→ INFORMATION PROVIDED:
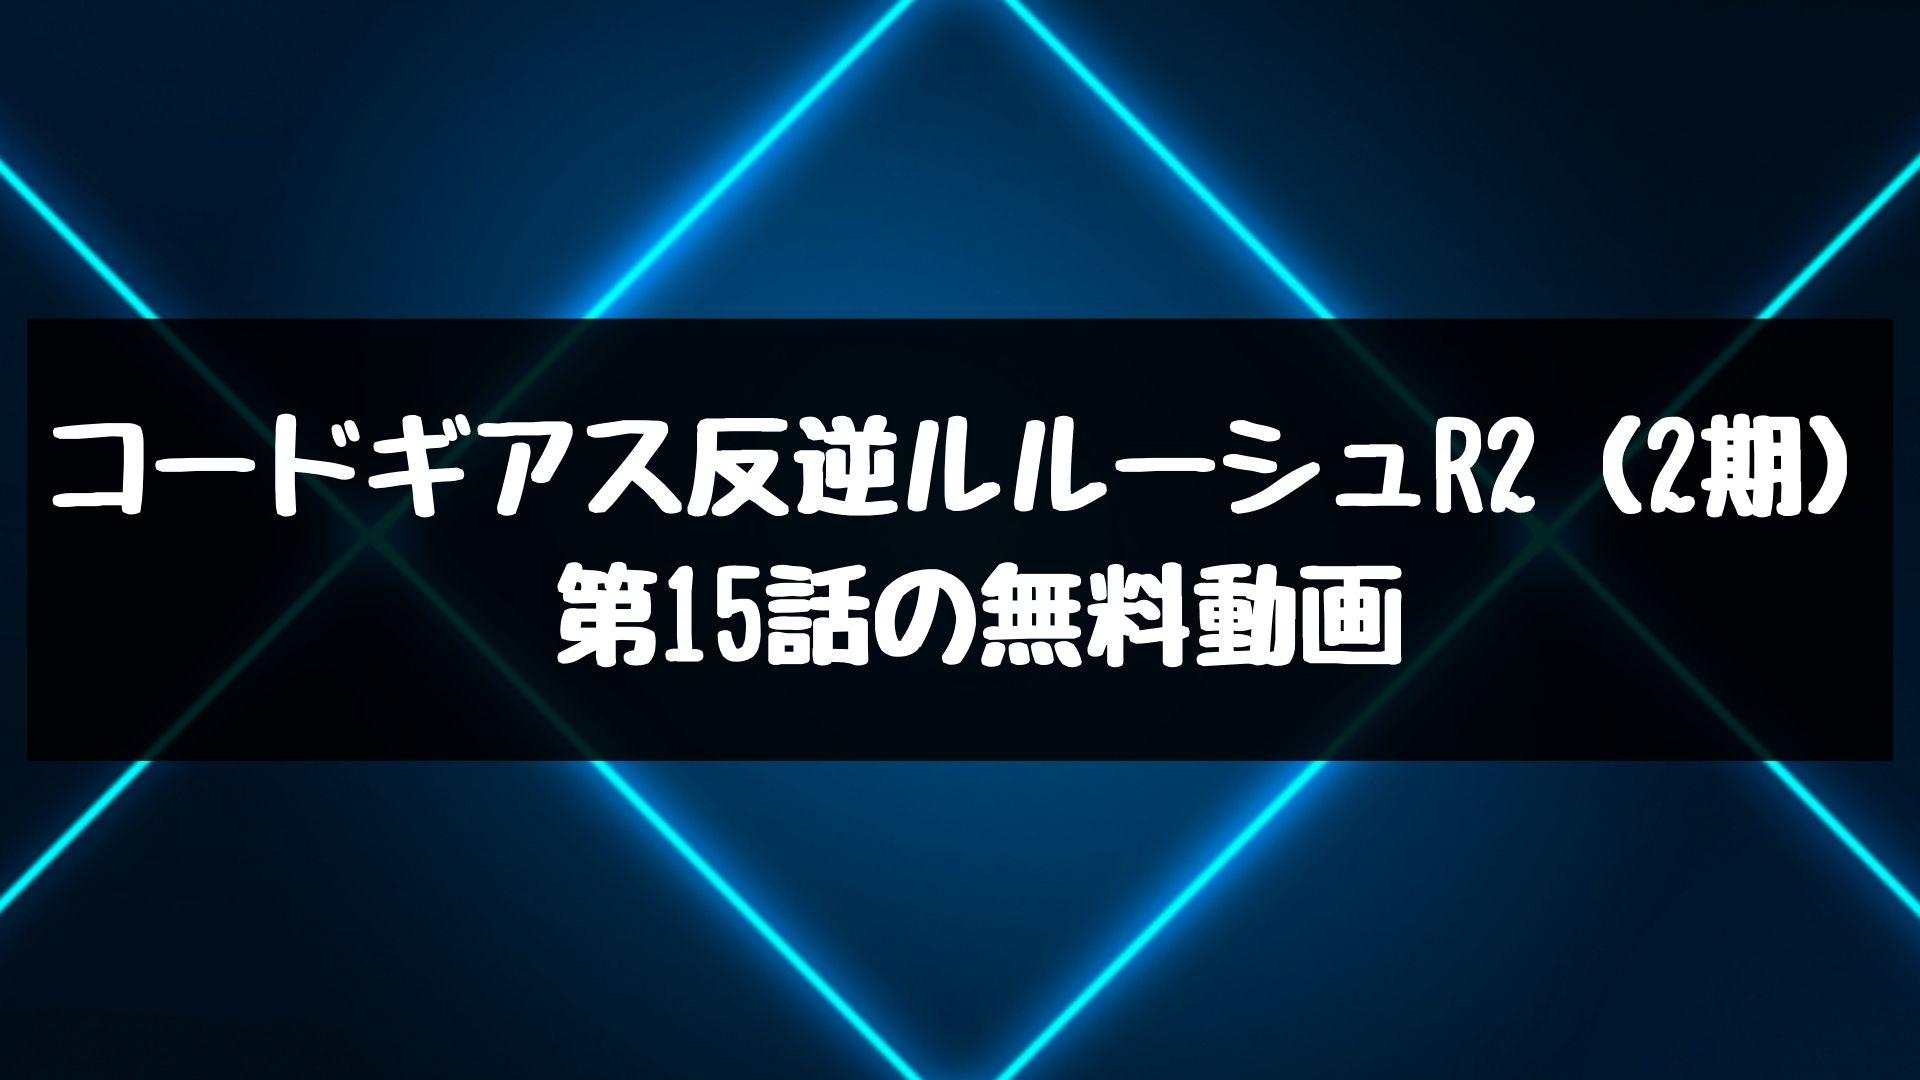 コードギアス反逆ルルーシュR2(2期) 第15話の無料動画
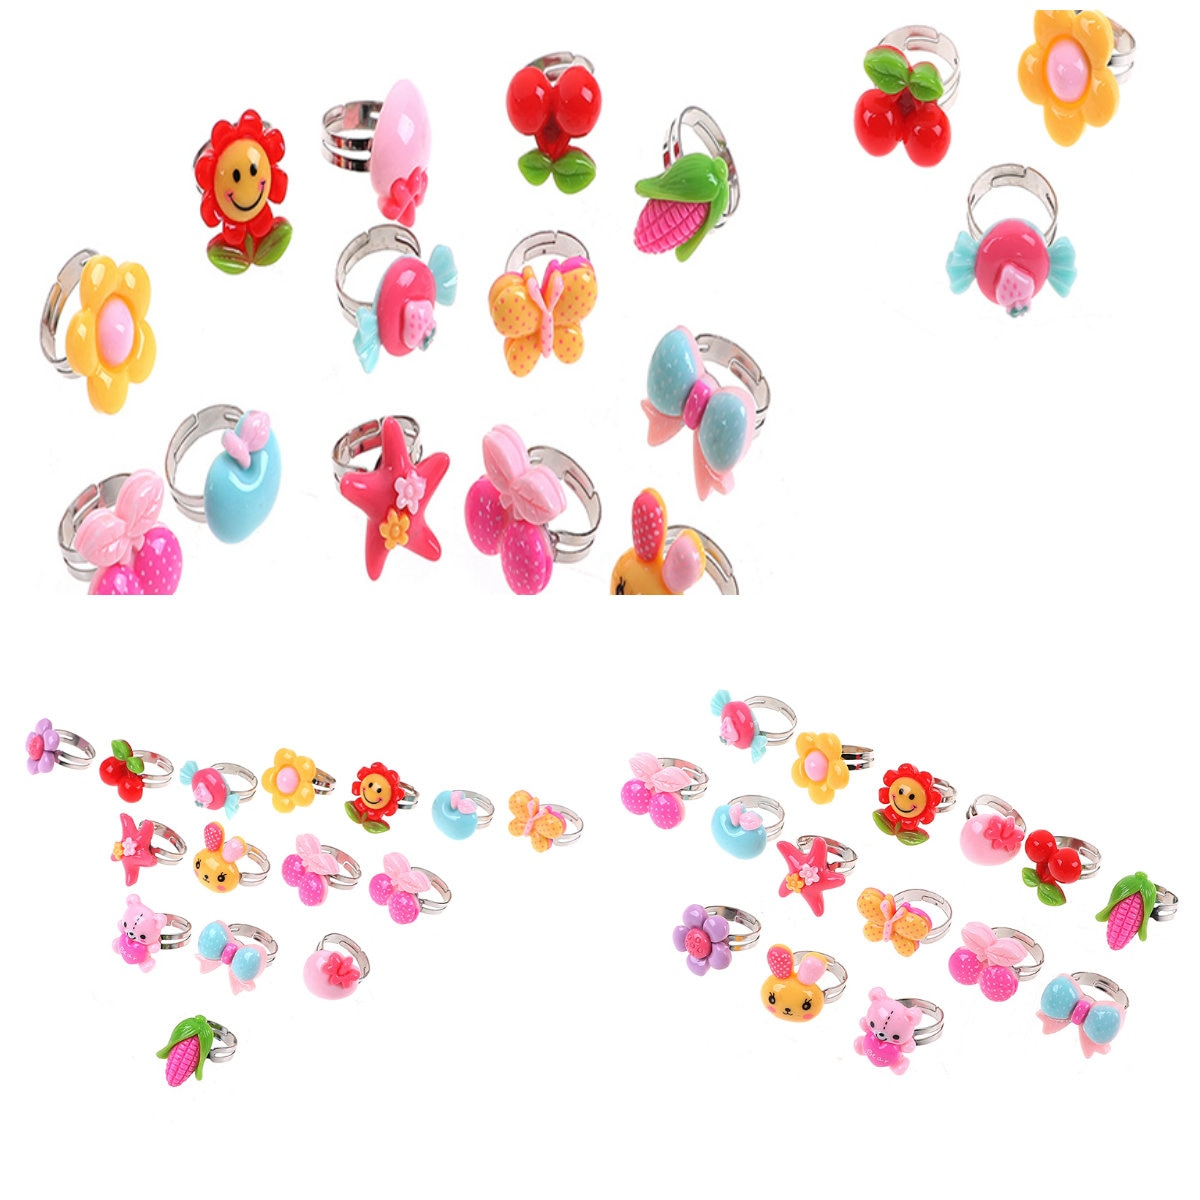 10 pièces/lot anneaux de bande dessinée réglables pour les filles habiller fête faveurs enfants jouet aléatoire
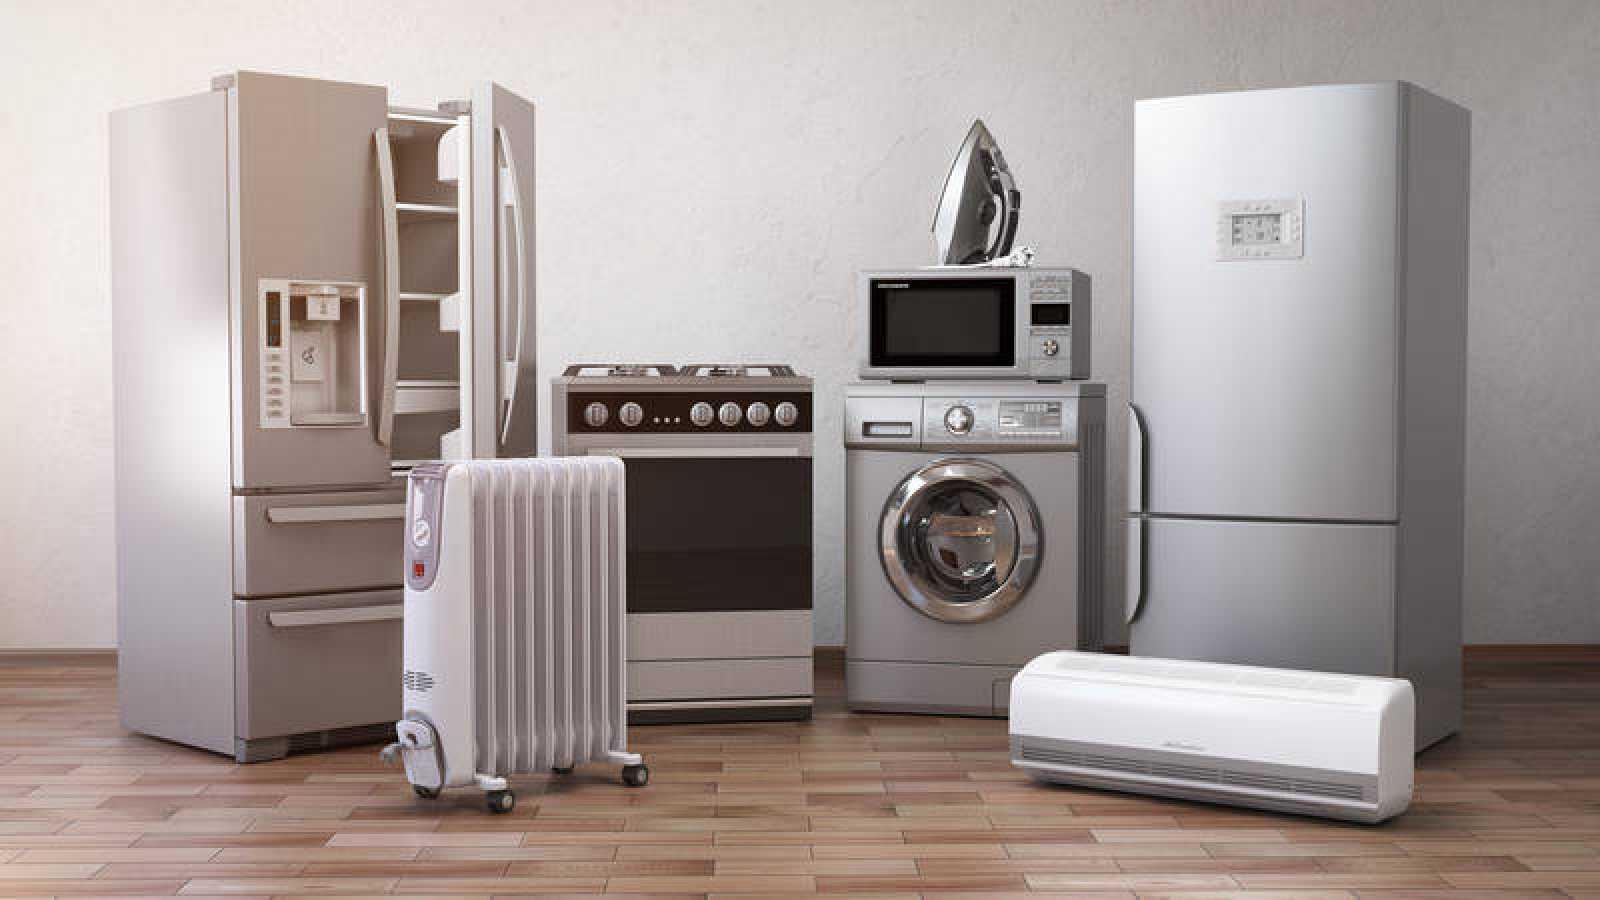 La Comisión Europea ha adoptado nuevas normas para hacer que los electrodomésticos sean más sostenibles.
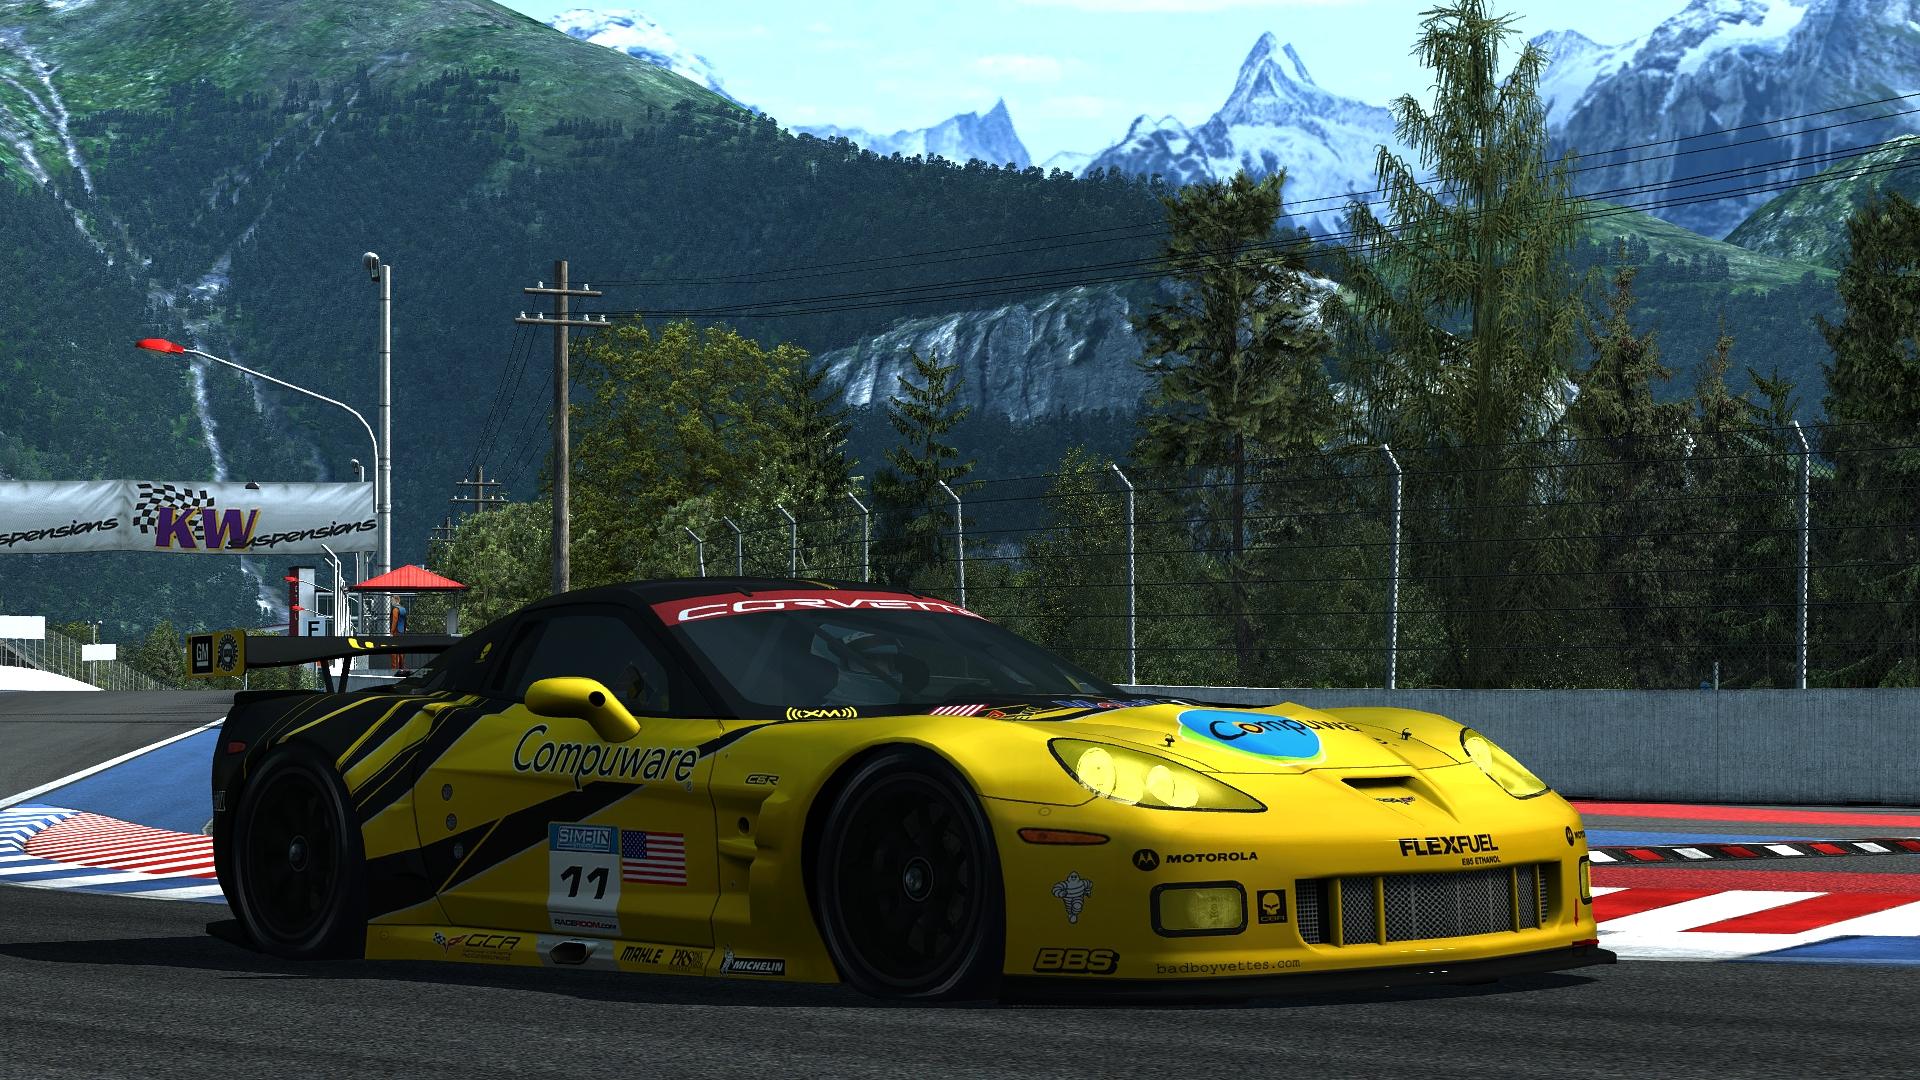 Corvette C6R GT2 - R3E Raceway

→ REQUIREMENT: Word for word, reproduce all of the data, but keep out the pictures.

→ RESPONSE AREA:
 コードギアス反逆ルルーシュR2(2期) 第15話の無料動画
 10 pièces/lot anneaux de bande dessinée réglables pour les filles habiller fête faveurs enfants jouet aléatoire
 La Comisión Europea ha adoptado nuevas normas para hacer que los electrodomésticos sean más sostenibles.
 Corvette C6R GT2 - R3E Raceway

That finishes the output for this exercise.